DATA SHOWN START

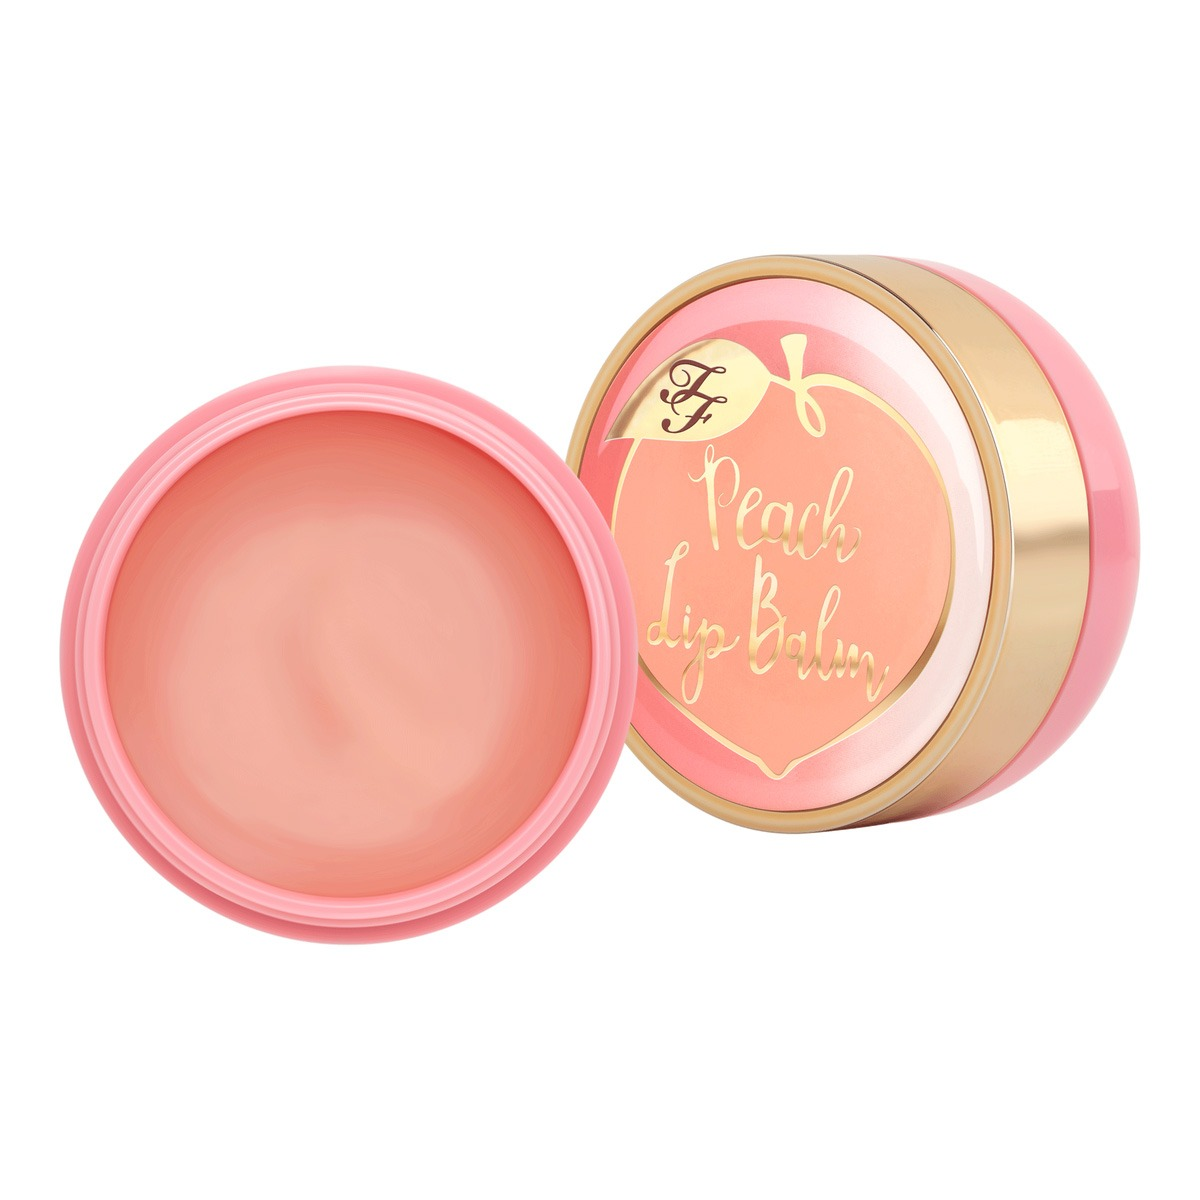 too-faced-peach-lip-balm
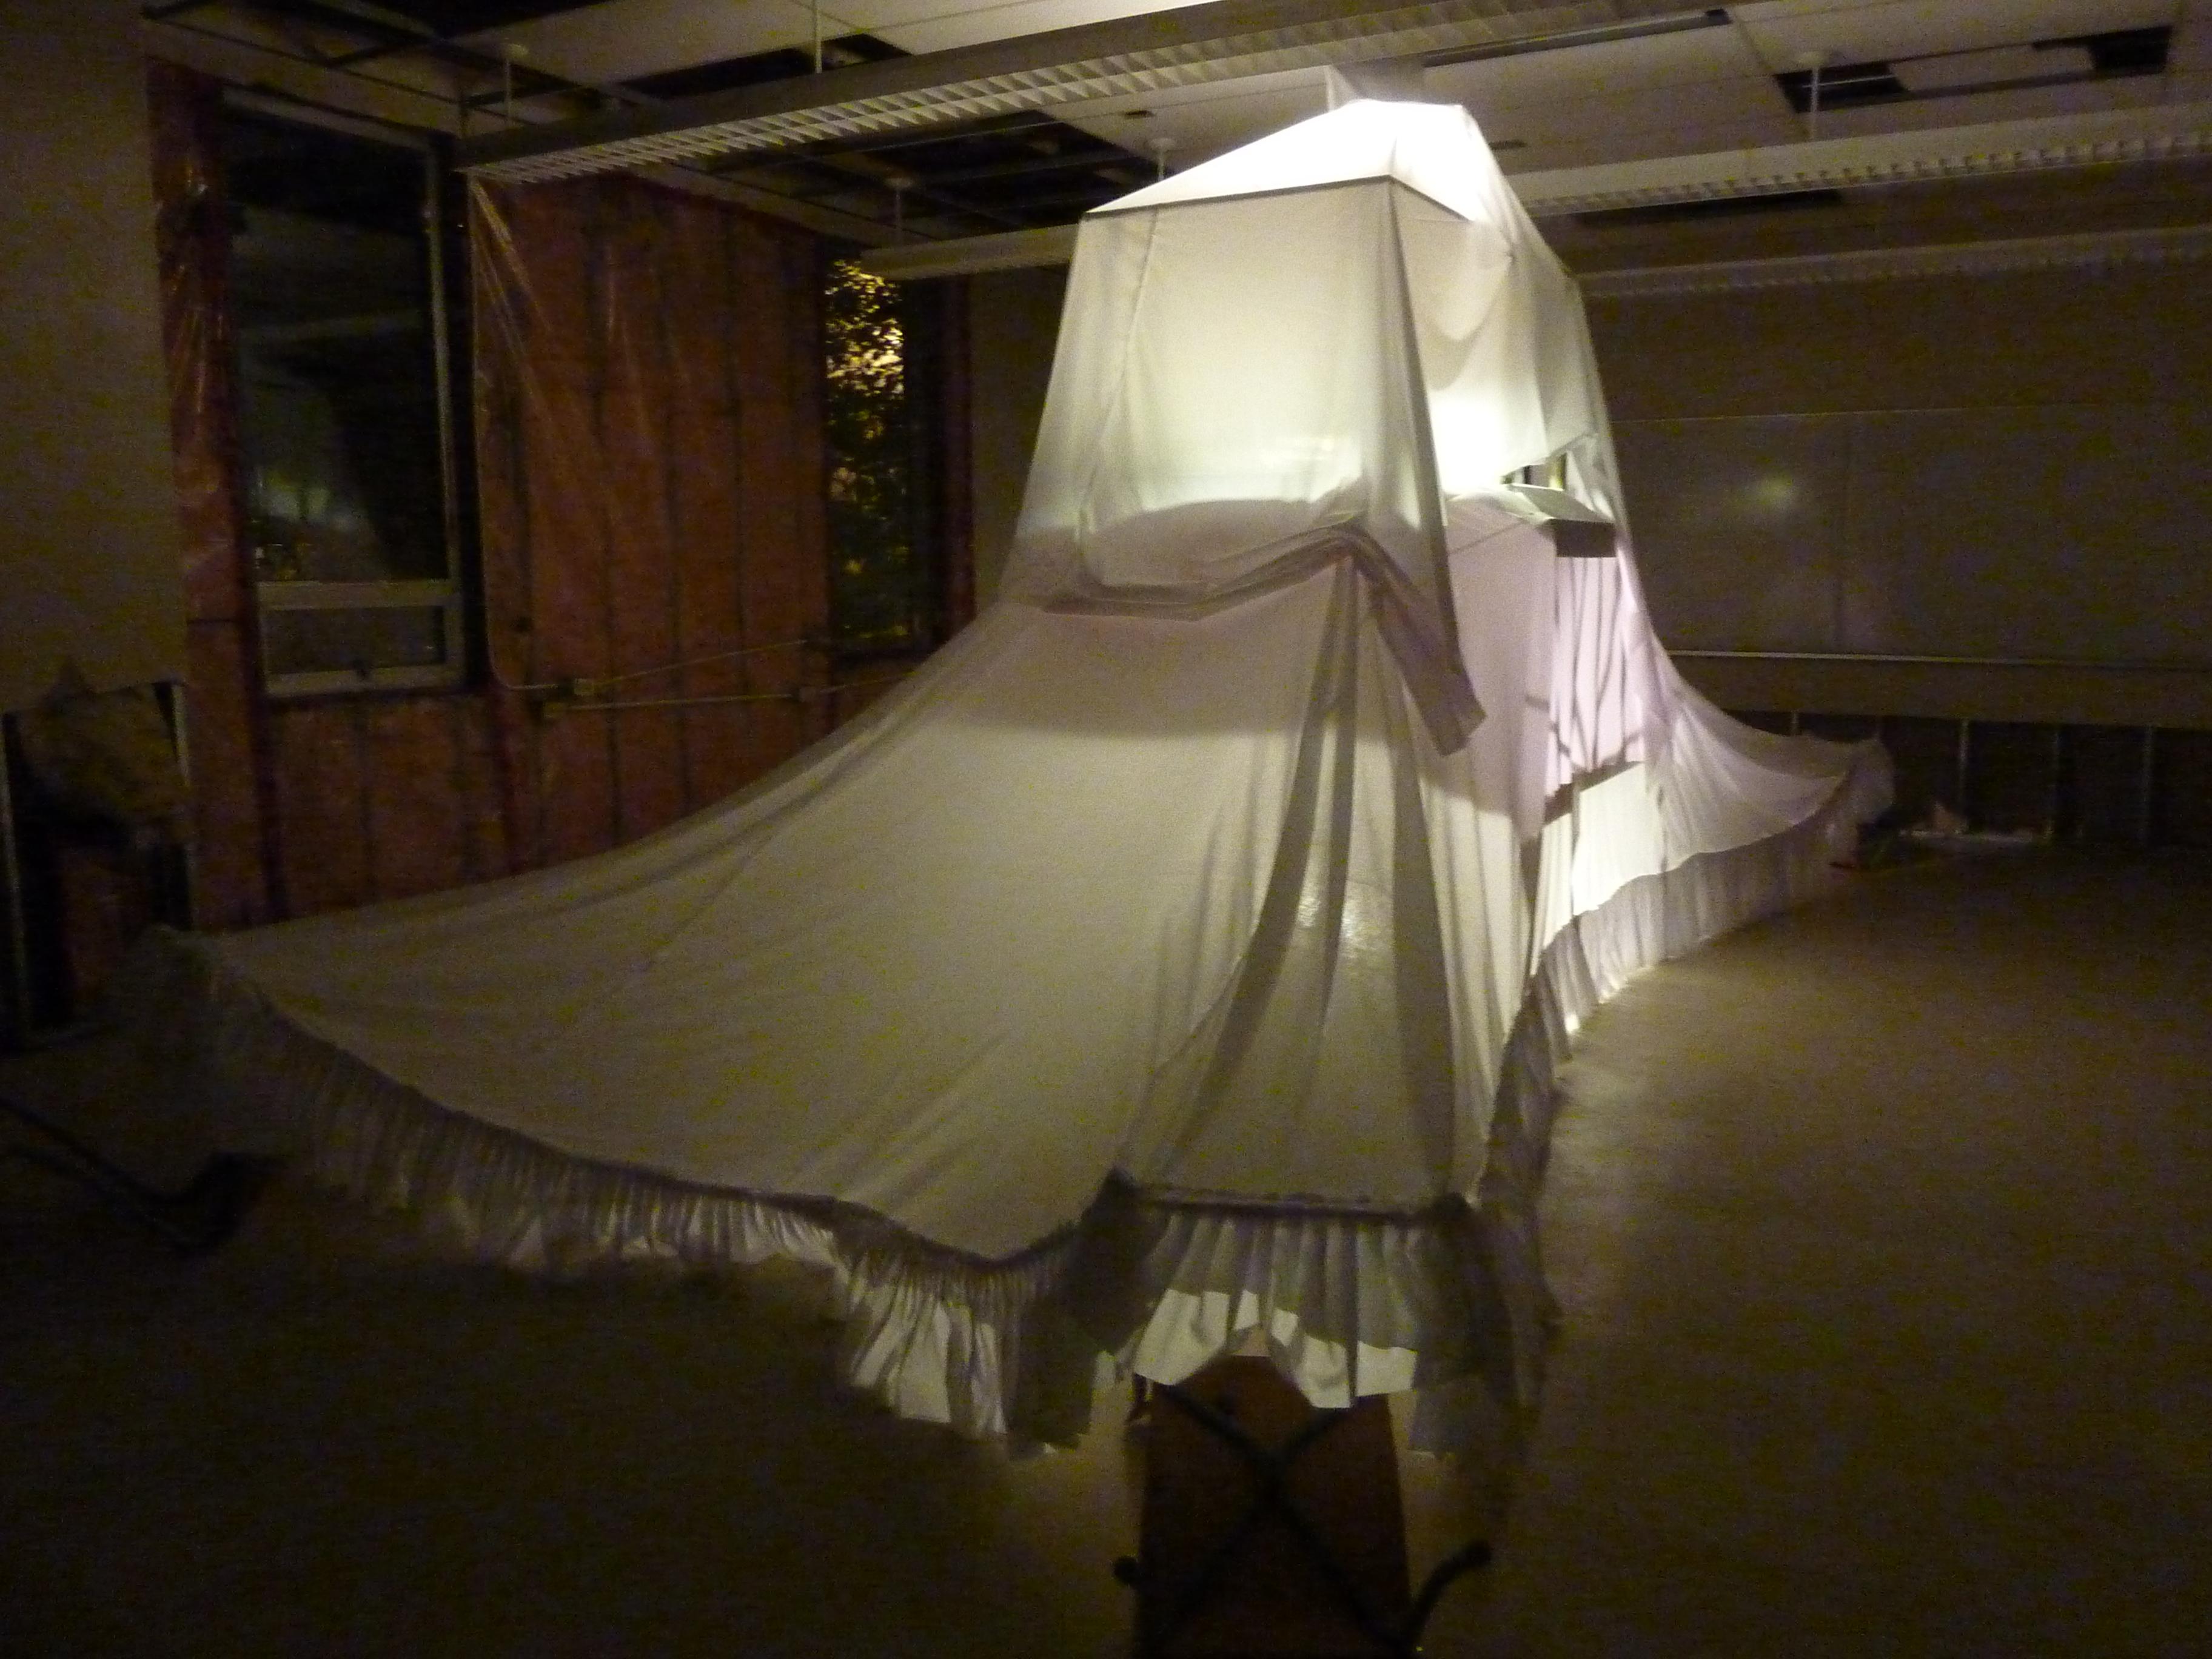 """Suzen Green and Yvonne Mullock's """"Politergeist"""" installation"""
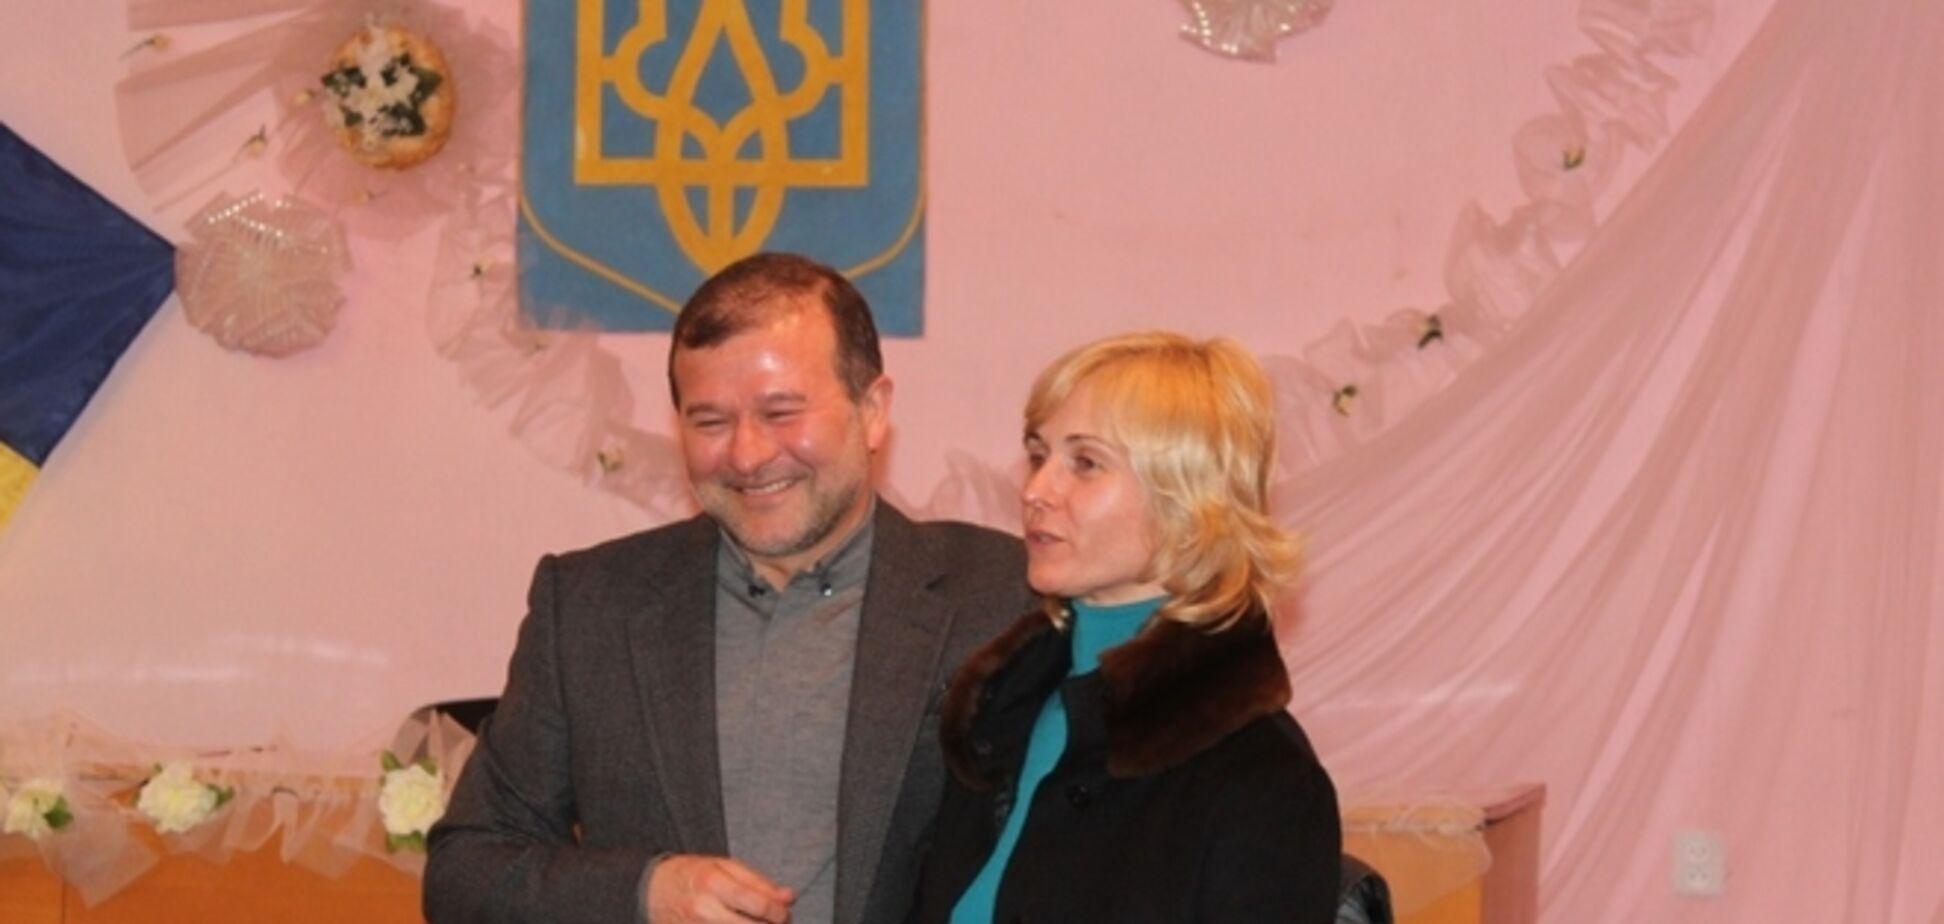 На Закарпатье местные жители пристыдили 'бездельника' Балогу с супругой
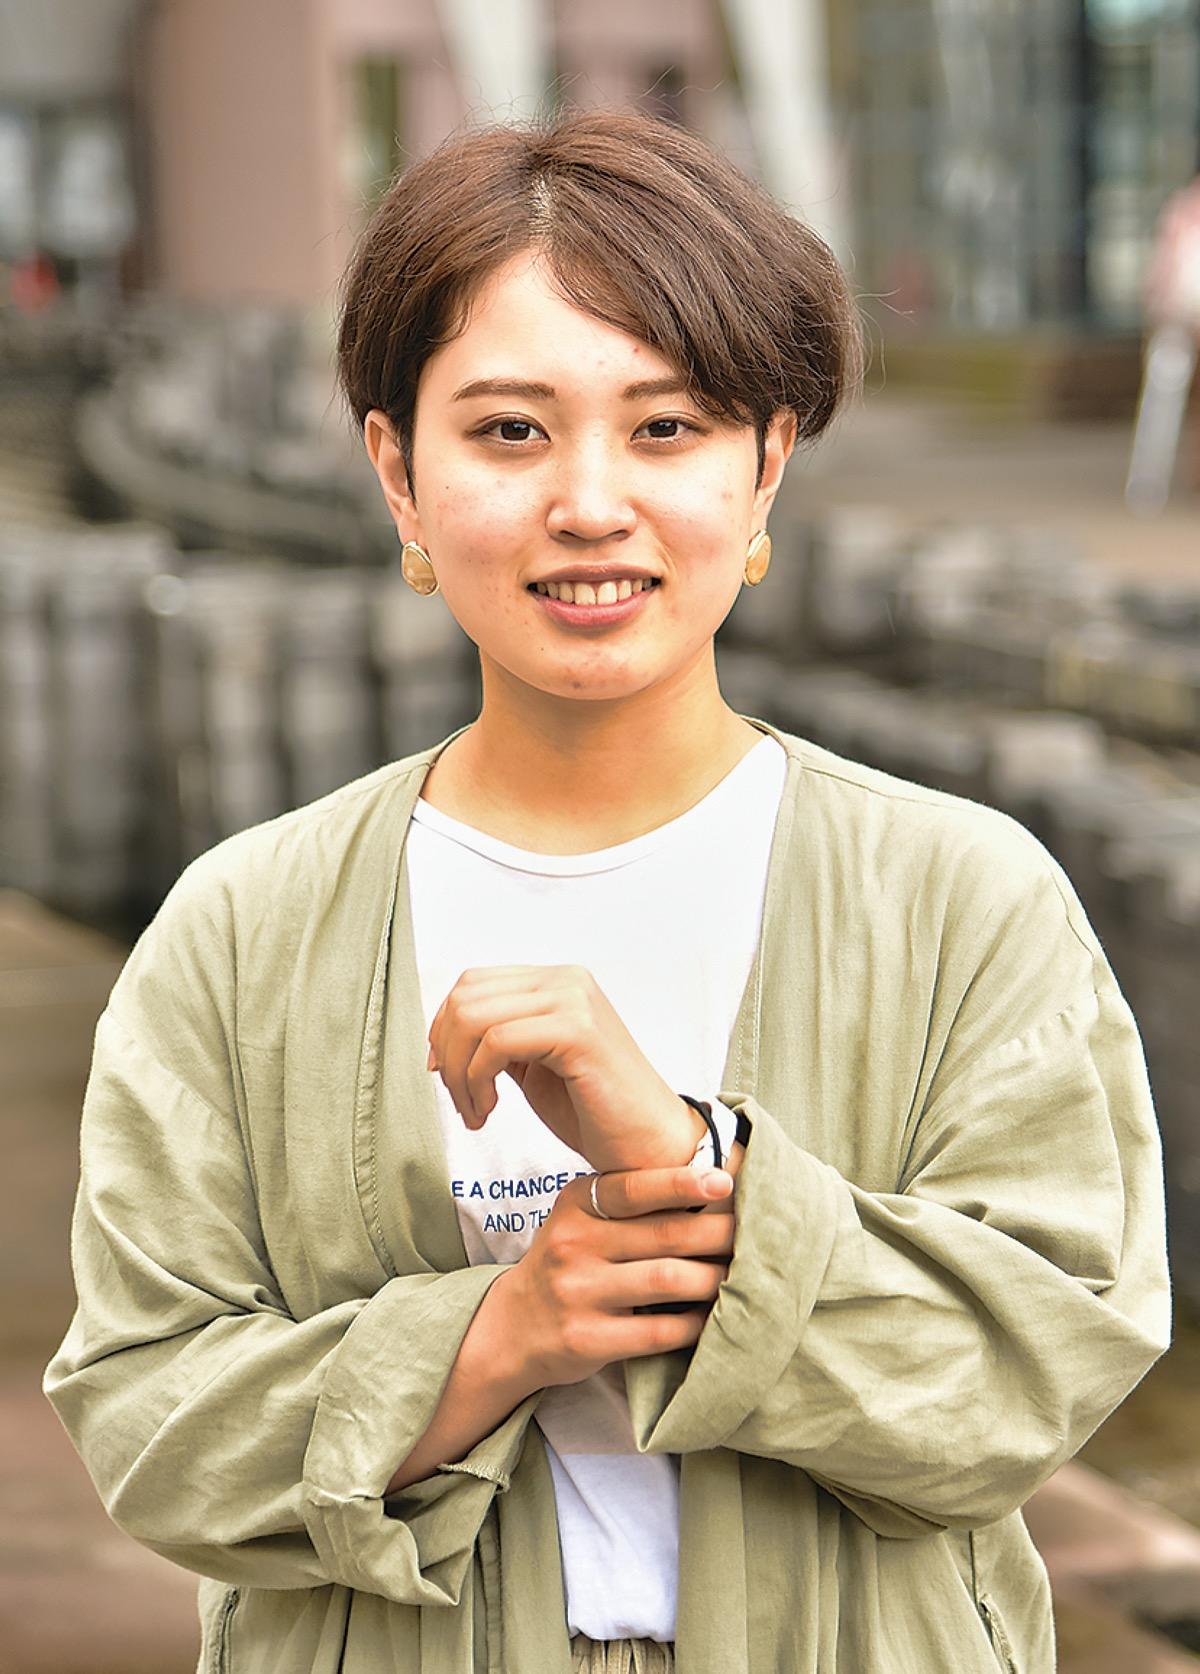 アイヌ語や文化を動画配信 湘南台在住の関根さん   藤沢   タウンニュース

DATA SHOWN END

• [WORK INSTRUCTIONS]:
Leave every picture out and write out exactly the lines from the line with "На Закарпатье местные" through the last line of the material.

• [OUTPUT]:
 На Закарпатье местные жители пристыдили 'бездельника' Балогу с супругой
 アイヌ語や文化を動画配信 湘南台在住の関根さん   藤沢   タウンニュース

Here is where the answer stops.